We are looking for a Senior Big Data Engineer with deep experience in building scalable, high-performance data processing pipelines using Snowflake (Snowpark) and the Hadoop ecosystem. You'll design and implement batch and streaming data workflows, transform complex datasets, and optimize infrastructure to power analytics and data science solutions.
Key Responsibilities:
- Design, develop, and maintain end-to-end scalable data pipelines for high-volume batch and real-time use cases.
- Implement advanced data transformations using Spark, Snowpark, Pig, and Sqoop.

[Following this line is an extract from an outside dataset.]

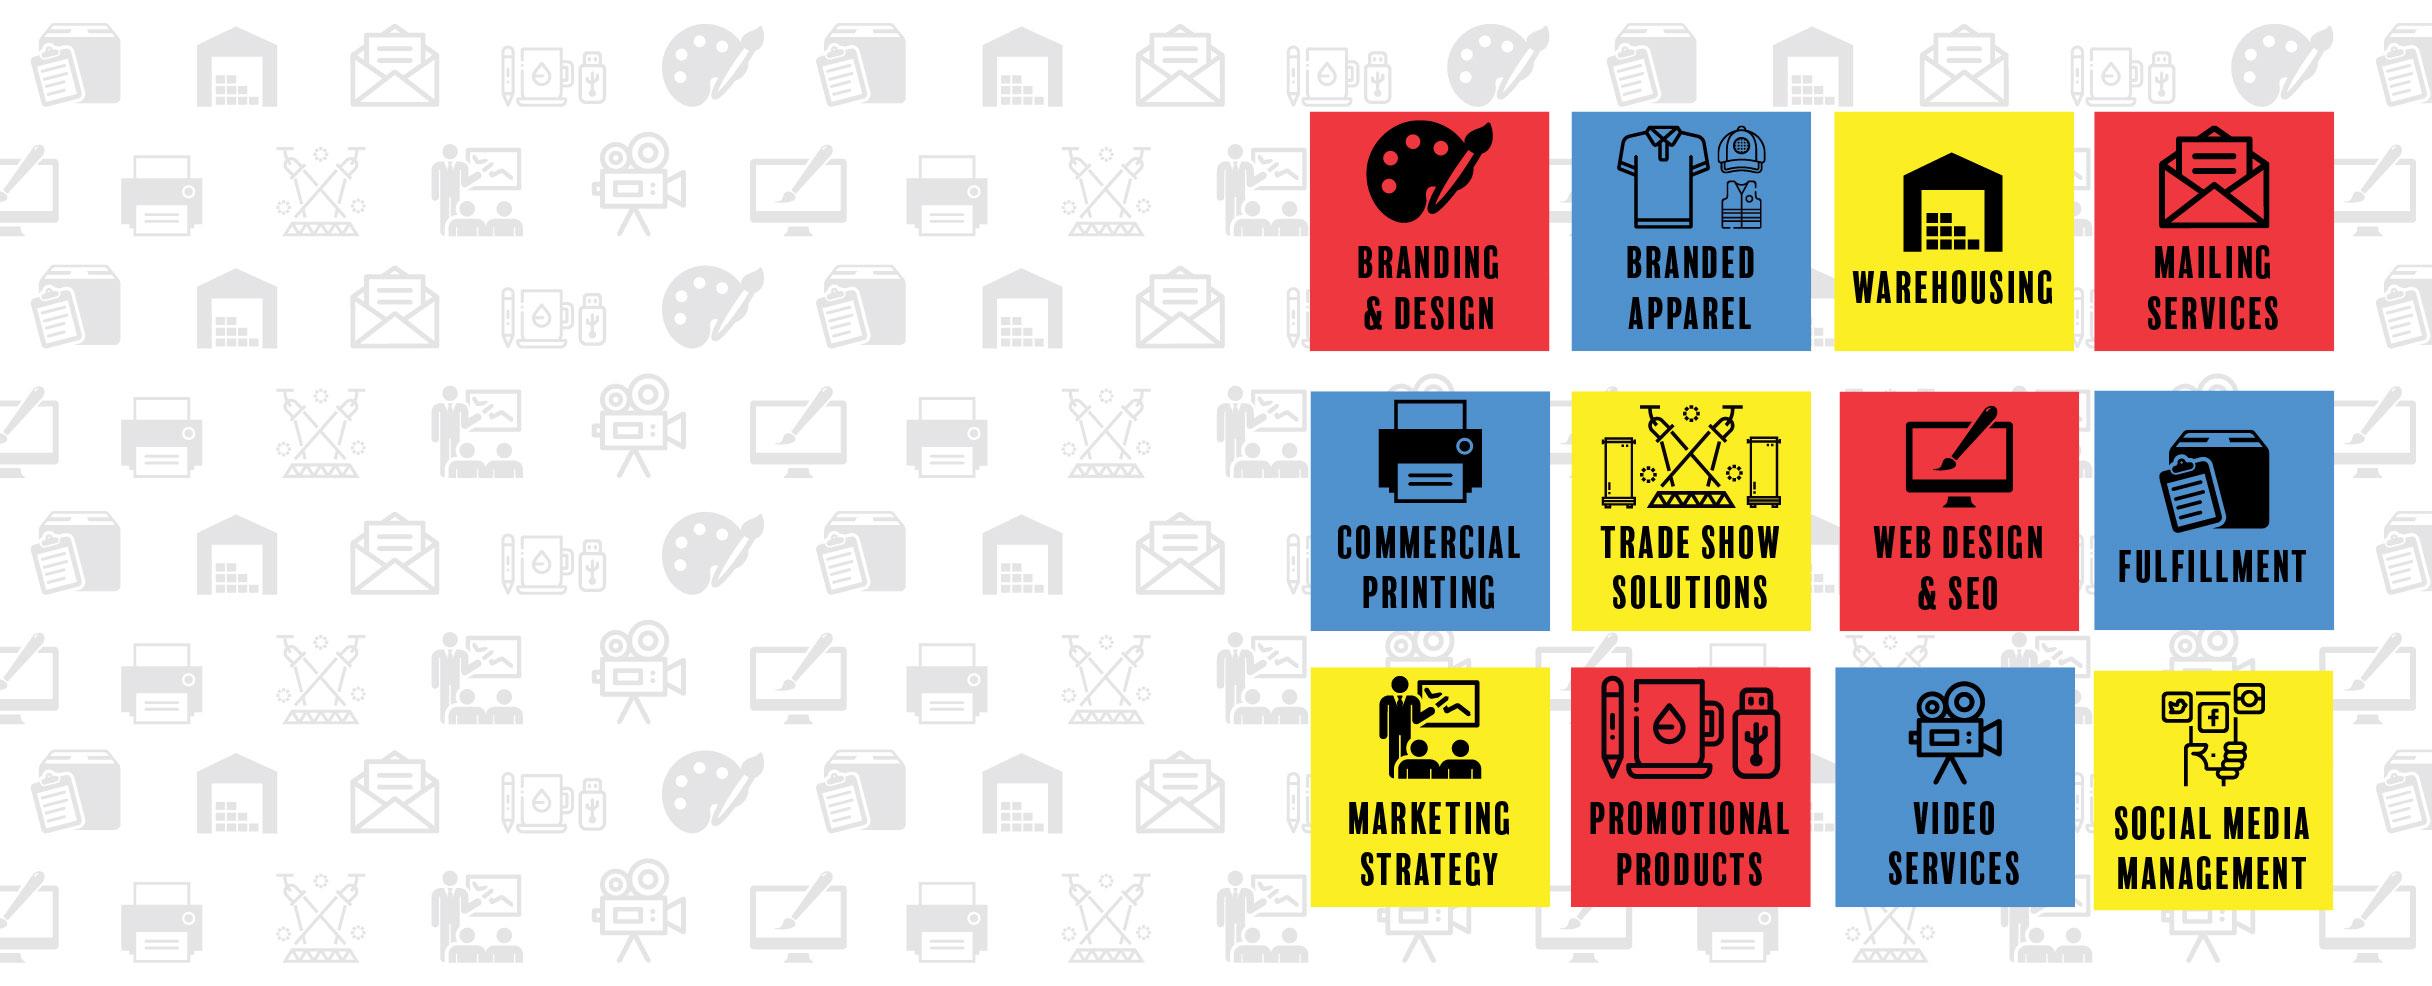 Make Marketing Personal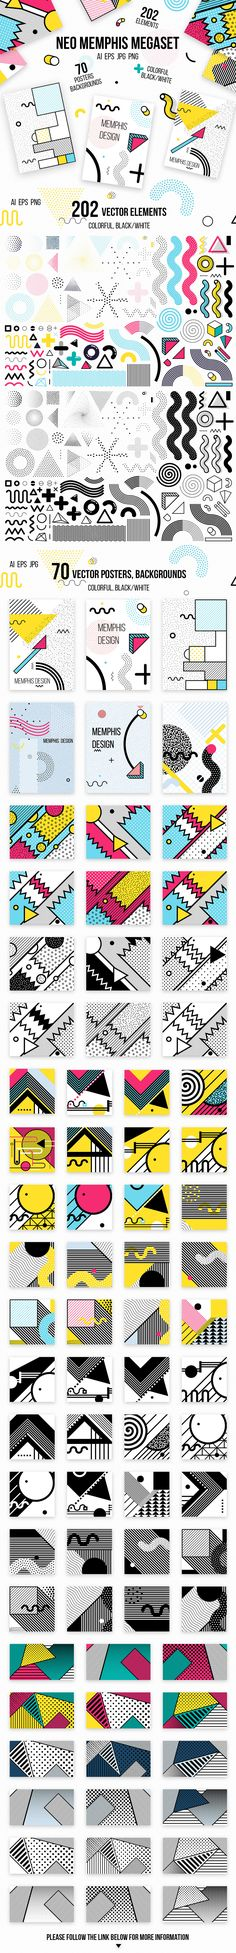 272 patterns, posters, elements. MEMPHIS MEGAset on Behance

- Process large-scale datasets from varied sources using tools across the Hadoop ecosystem.
- Optimize data storage and retrieval in HBase, Hive, and other NoSQL stores.
- Collaborate closely with data scientists, analysts, and business stakeholders to enable data-driven decision-making.
- Ensure data quality, integrity, and compliance with enterprise security and governance standards.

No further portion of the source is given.